Cooking process:  I basically follow this to a T (http://www.smoking-meat.com/may-28-2015-tasty-and-tender-smoked-pulled-pork). 

I rub with mustard, apply Jeff's BBQ Rub, and toss on the Traeger at 225.  After about 6-8 hours, the meat tends to be around 170, at which point I employ the Texas crutch - I wrap them in foil, toss in some apple juice, seal the foil up and finish in the oven at 240 until my thermometer reads 205 internal temp (about 2-4 more hours). 

After reaching 205, I take out the shoulder and let rest for 30 mins or so.  When I go to pull the shoulder, the bone is hard to get out, 50% of the meat is entangled with fat so I can't even separate it without great effort (and on top of that, it is so dry, tough and chewy that it probably belongs in the trash anyway), and the "good" meat that I can salvage is chewy and tough. 

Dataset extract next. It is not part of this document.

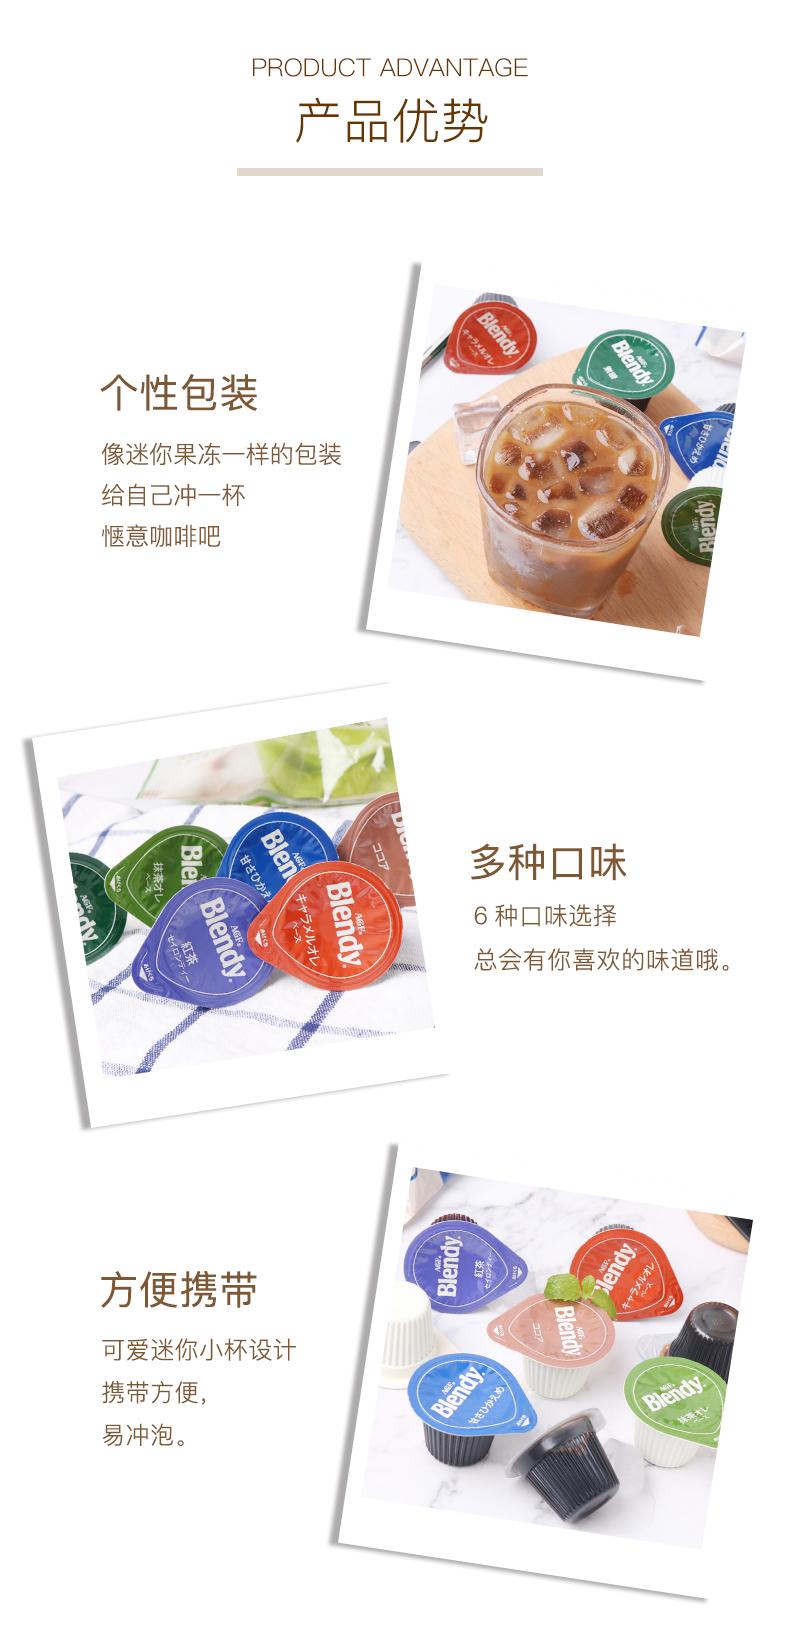 胶囊咖啡日本进口浓浆无蔗糖黑咖啡浓缩冷萃速溶咖啡液详细照片
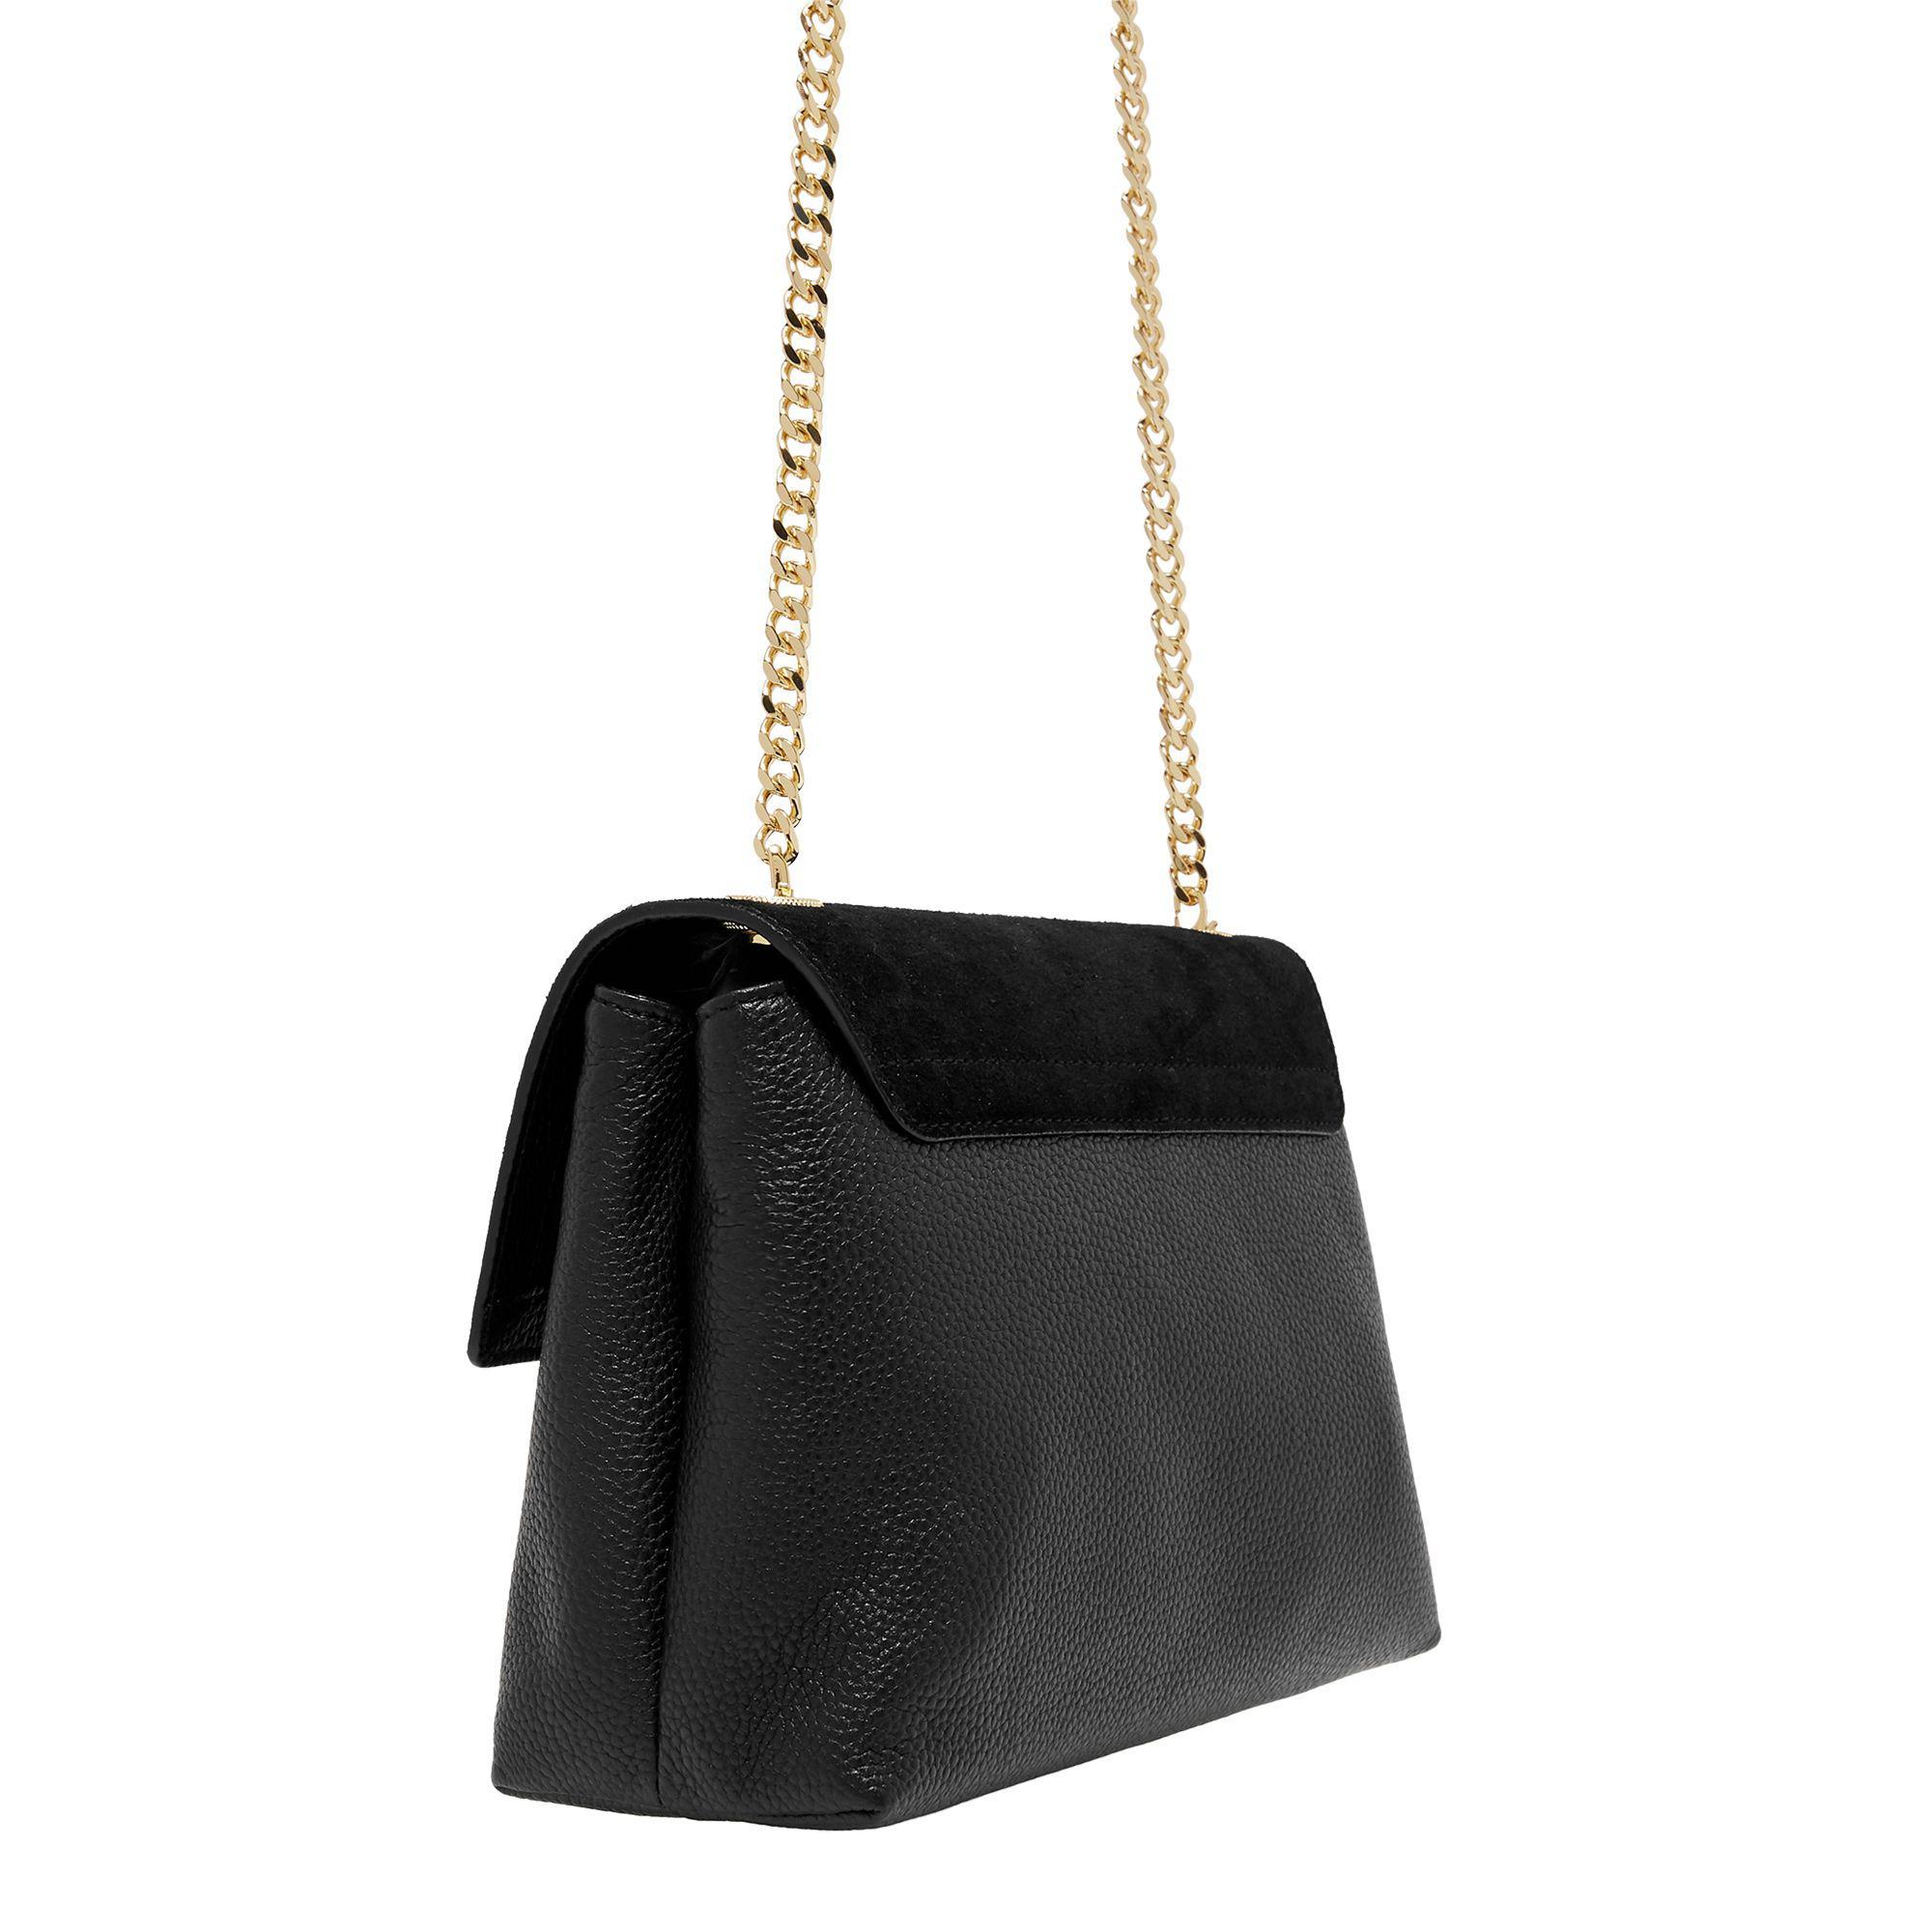 e6f22b7cd0c0 Ted Baker Helena Padlock Detail Leather Cross Body Bag in Black - Lyst

My issue is, when folks seem to get tough, chewy, fatty pork shoulder, it is because they cooked it too hot or did not let it get up to at least 190 degrees.  My cooks all lasted around 12  hours, AND I waited to get to 205 internal (checked by my Maverick and my instant-read thermometers).  Also, I followed the SAME process to make KILLER shoulder with the Costco cuts.

So what is my issue?  Did I get bad, low-quality meat?  Or did I mess up by not properly vacuum-sealing the meat before freezing (I did NOT notice any freezer burn)? 

Any help would be appreciated, as I have two more of these cuts (there was a great BOGO sale) and am going to take them back unless I can figure out what I did wrong.


----------



## tallbm (Sep 10, 2017)

Slippy Toad said:


> I'm fairly new to smoking.  I have successfully smoked the large pork boneless shoulder butts from Costco in the past, but I am having trouble with some bone-in Boston Butt Pork Shoulder Roasts from my local grocery store.  I have done three in the past week (4-7lb range), and all turn out fatty, chewy and tough - definitely far from the "fall apart tender" that I achieved with the Costco cuts.
> 
> Before I go into my process, these butts are not vacuum-sealed, rather they come wrapped in plastic wrap on a foam tray, as most grocery-store meat is packaged.  When I get home, I wrap them tight in heavy-duty foil (still inside their grocery-wrapping) and freeze them.  When I want to cook, I defrost them in the fridge 3-4 days before the cook.
> 
> ...


Hi there and welcome!

I'm not sure what is up.  The best help I can give is that the temp is not the best indicator that the butt is done and tender.  Only feel can tell you that and the fell will come by stabbing the butt with a probe/skewer/toothpick and should it slide right in then you are good to go.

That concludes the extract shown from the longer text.